So she embarked on an ambitious project researching and writing about this “thing” that defines between one in two and one in three of us. She discovered along the way that introversion has physiological markers that date back to infancy and that introverts offer important contributions to leadership, creativity, and innovation — when their needs are understood and respected.
Cain’s seven years of research and writing yielded one of the most important social studies of the 21st century and has had a profound influence on how we view temperament. Her acclaimed book, Quiet, became a New York Times bestseller and her TED Talk on “The Power of Introverts,” one of the most watched in the series, with more than 23 million views and counting. Her training as a sheep in wolf’s clothing helped her reinvent herself (again) as an acclaimed researcher, author, speaker, and now “Quiet Revolutionary.”

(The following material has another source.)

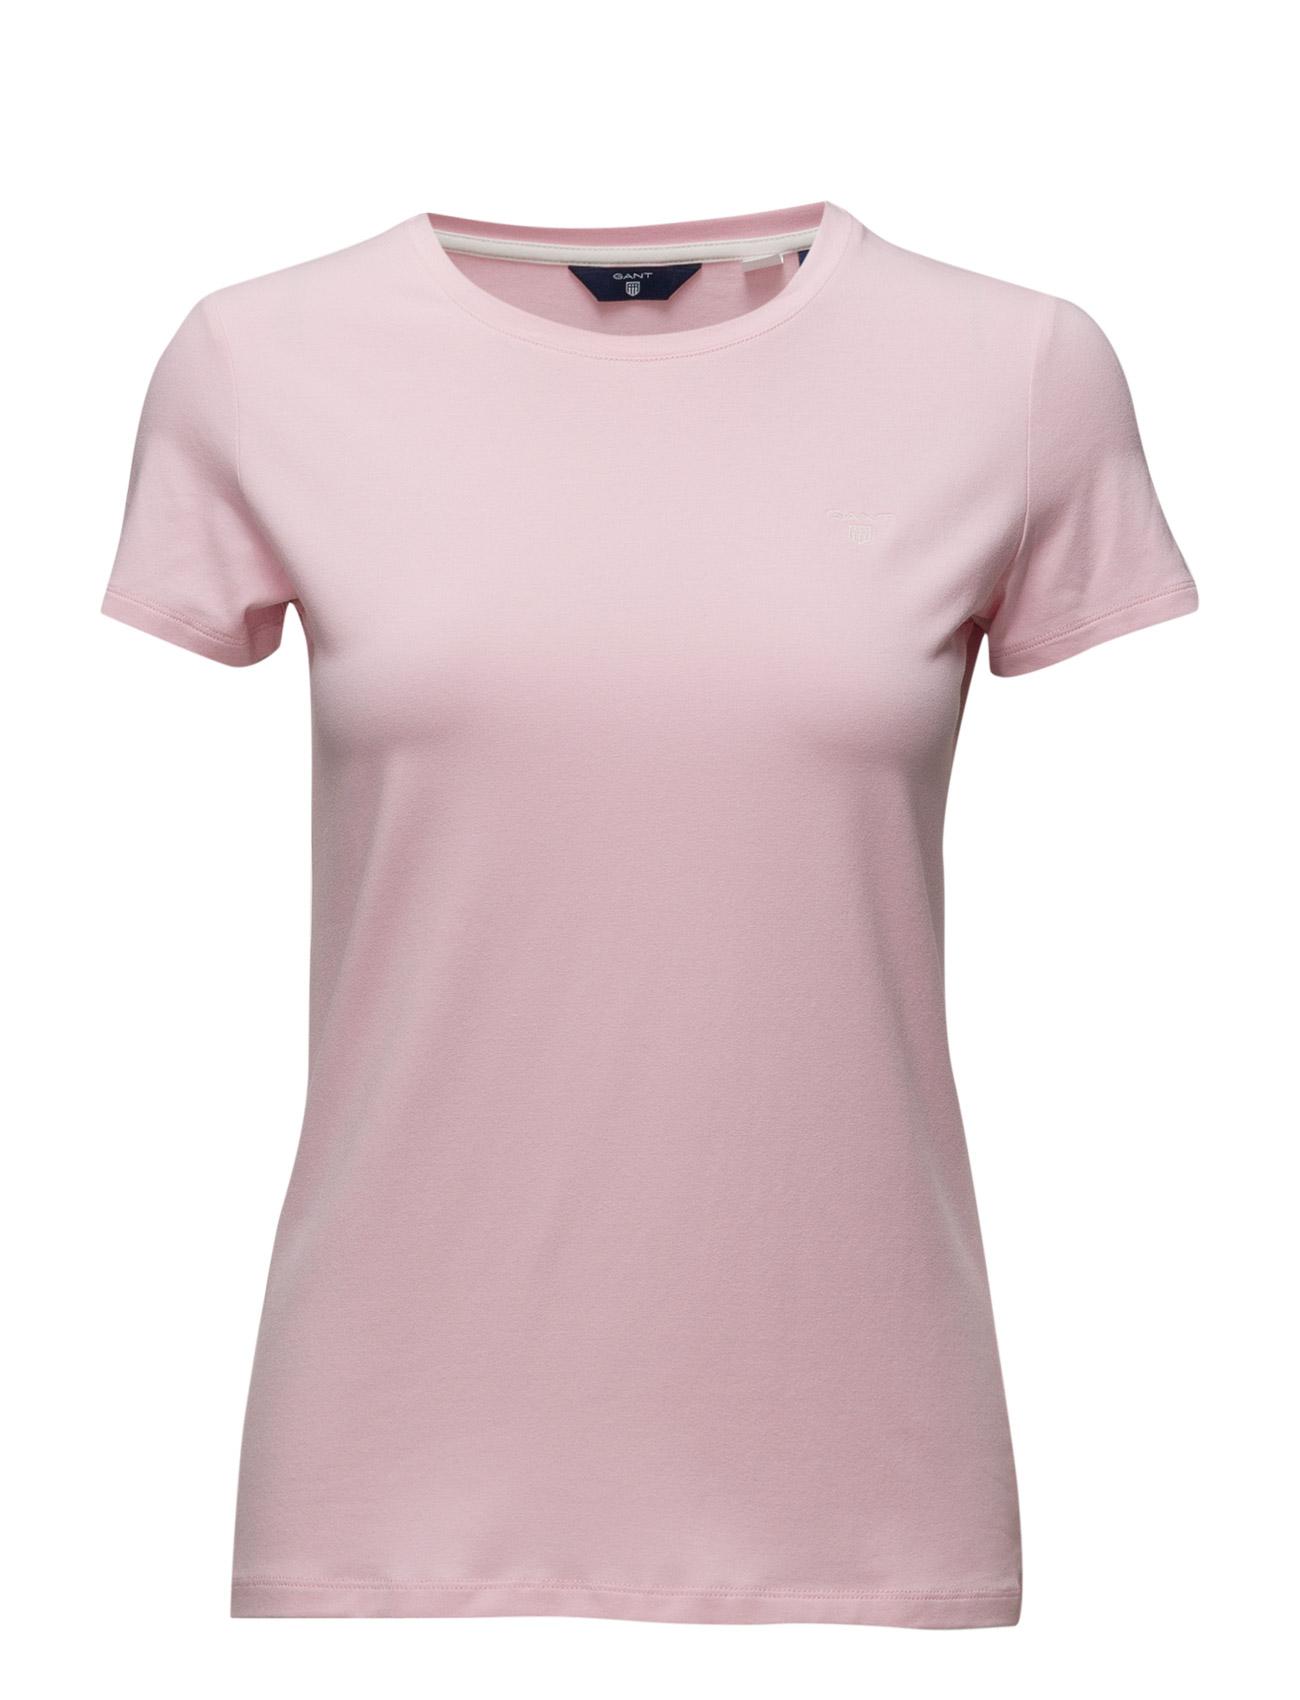 Cott/Ela C-Neck Ss T-Shirt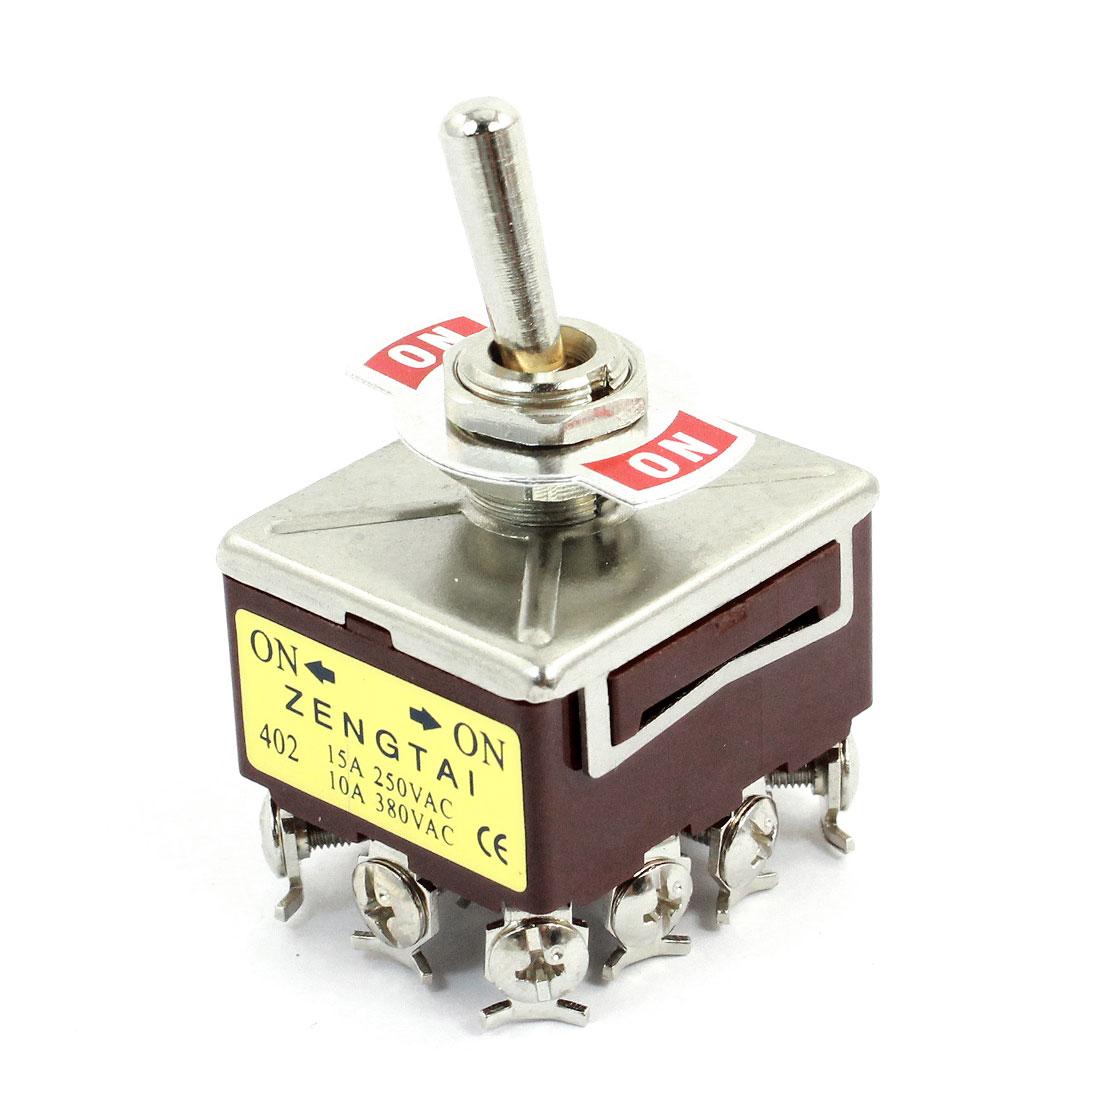 AC380V/10A AC250V/15A 12 Pin 3PDT ON/ON 2 Position Toggle Switch

CFA Society Vancouver hosted Cain in May 2019, and I was pleased to interview her ahead of that appearance. Our discussion follows, edited for length and clarity.
Mike Wallberg, CFA: What is the Quiet Revolution?
Susan Cain: The Quiet Revolution is basically a movement of people all over the world who are committed to harnessing the talents of introverts in schools, workplaces, and society in general.
This was kicked off by your book Quiet. What was your motivation in writing it?
This was something I’d been thinking about since I was a little kid. The motivation was that I looked around and saw that we lived in a global culture that contained this massive contradiction. On one hand, I saw introverts contributing to society in ways that were because of — and not in spite of — their quiet and careful temperament. On the other hand, we have this global culture that tells everybody that they’re supposed to be bold, non-deliberate extroverts. But the truth is we really need both kinds. We need both kinds understanding each other. We need each type of person to sometimes adopt the skills of the other type. But what we’re living with right now is a lopsided culture that would benefit from a more balanced approach. So that’s why I wrote it.
I looked around and I saw so many introverts living with a lot of unnecessary psychic pain, of feeling “not okay” with being the way they were, not comfortable with their own preference of how they wish to spend their time. That seemed like a huge waste of energy, talent, and happiness.
What impacts do you think the book has had on people’s attitudes toward introversion? Are there any stories that stay with you about how Quiet has changed people’s lives?
There are a lot of them. I’ve been amazed by how receptive business culture has been to this concept, so I’ve been brought in to speak and consult with all different kinds of companies all over the world. People who have been at the top echelons of these companies — they really get it that a third to a half of their workforce are introverts and they’re probably not doing as much as they could. Now when people talk about diversity and inclusion efforts, increasingly introversion is high on that list.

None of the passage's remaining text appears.